• [About this exercise]:
Would you retype the listing below word for word, without any of its pictures?

• [Data shown]:
• • • •

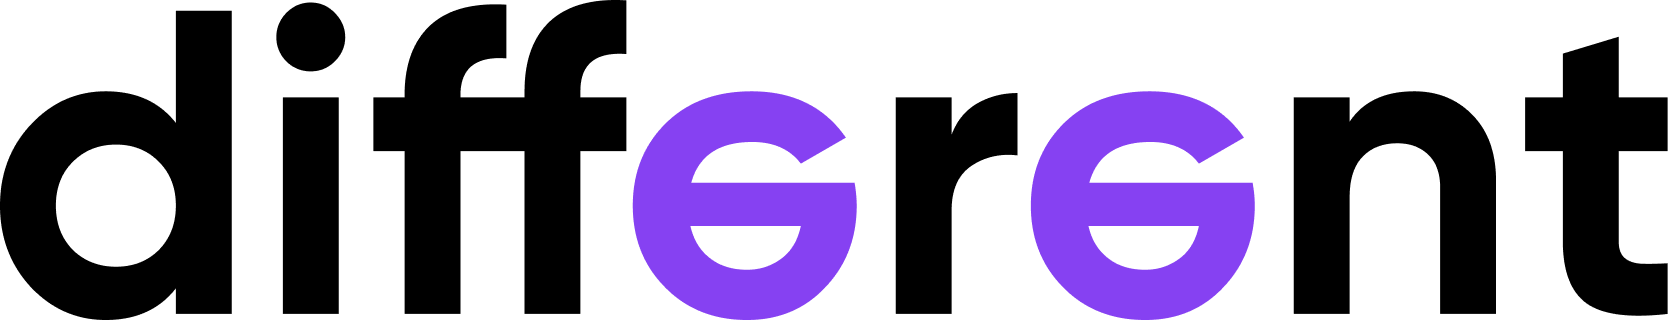 different logo
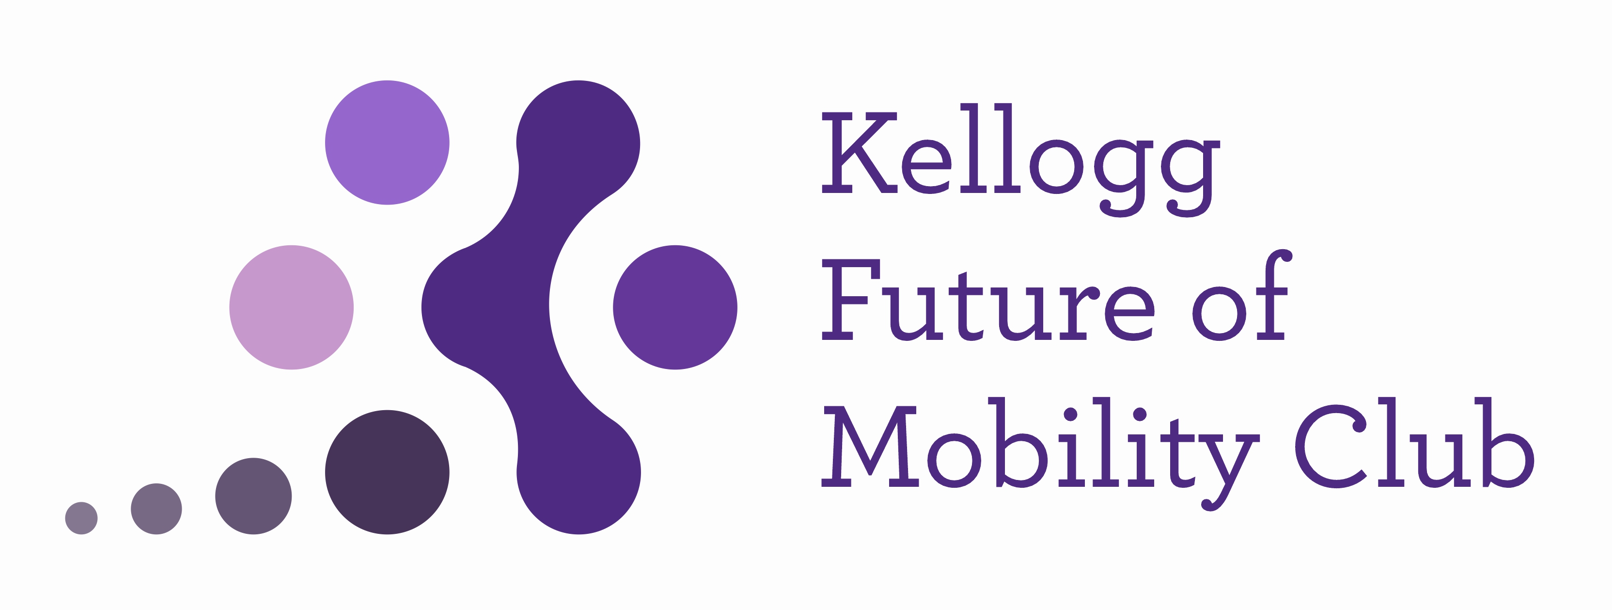 Kellogg Future of Mobility club logo
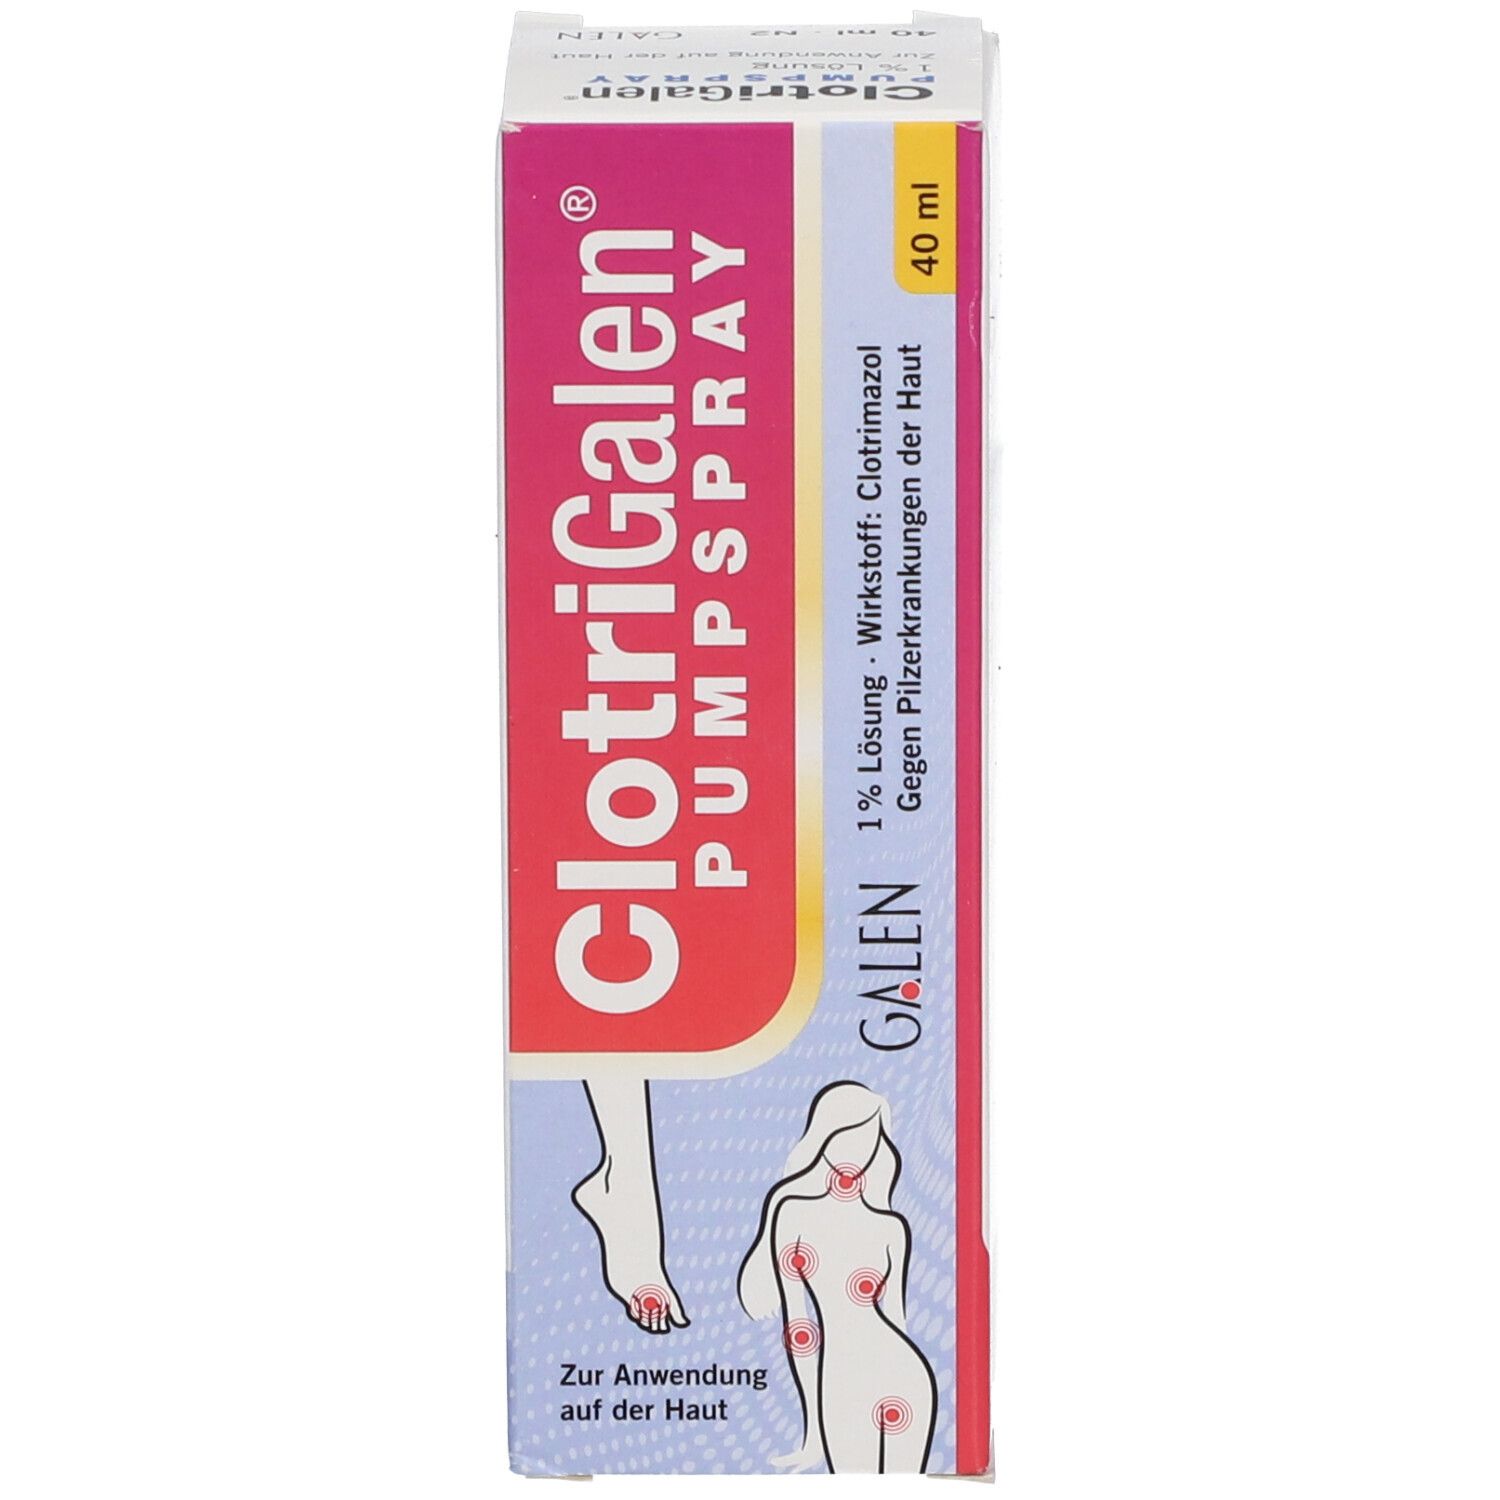 Clotrigalen® Pumpspray

• • • •

• [Answer]:
 different logo
 Kellogg Future of Mobility club logo
 Clotrigalen® Pumpspray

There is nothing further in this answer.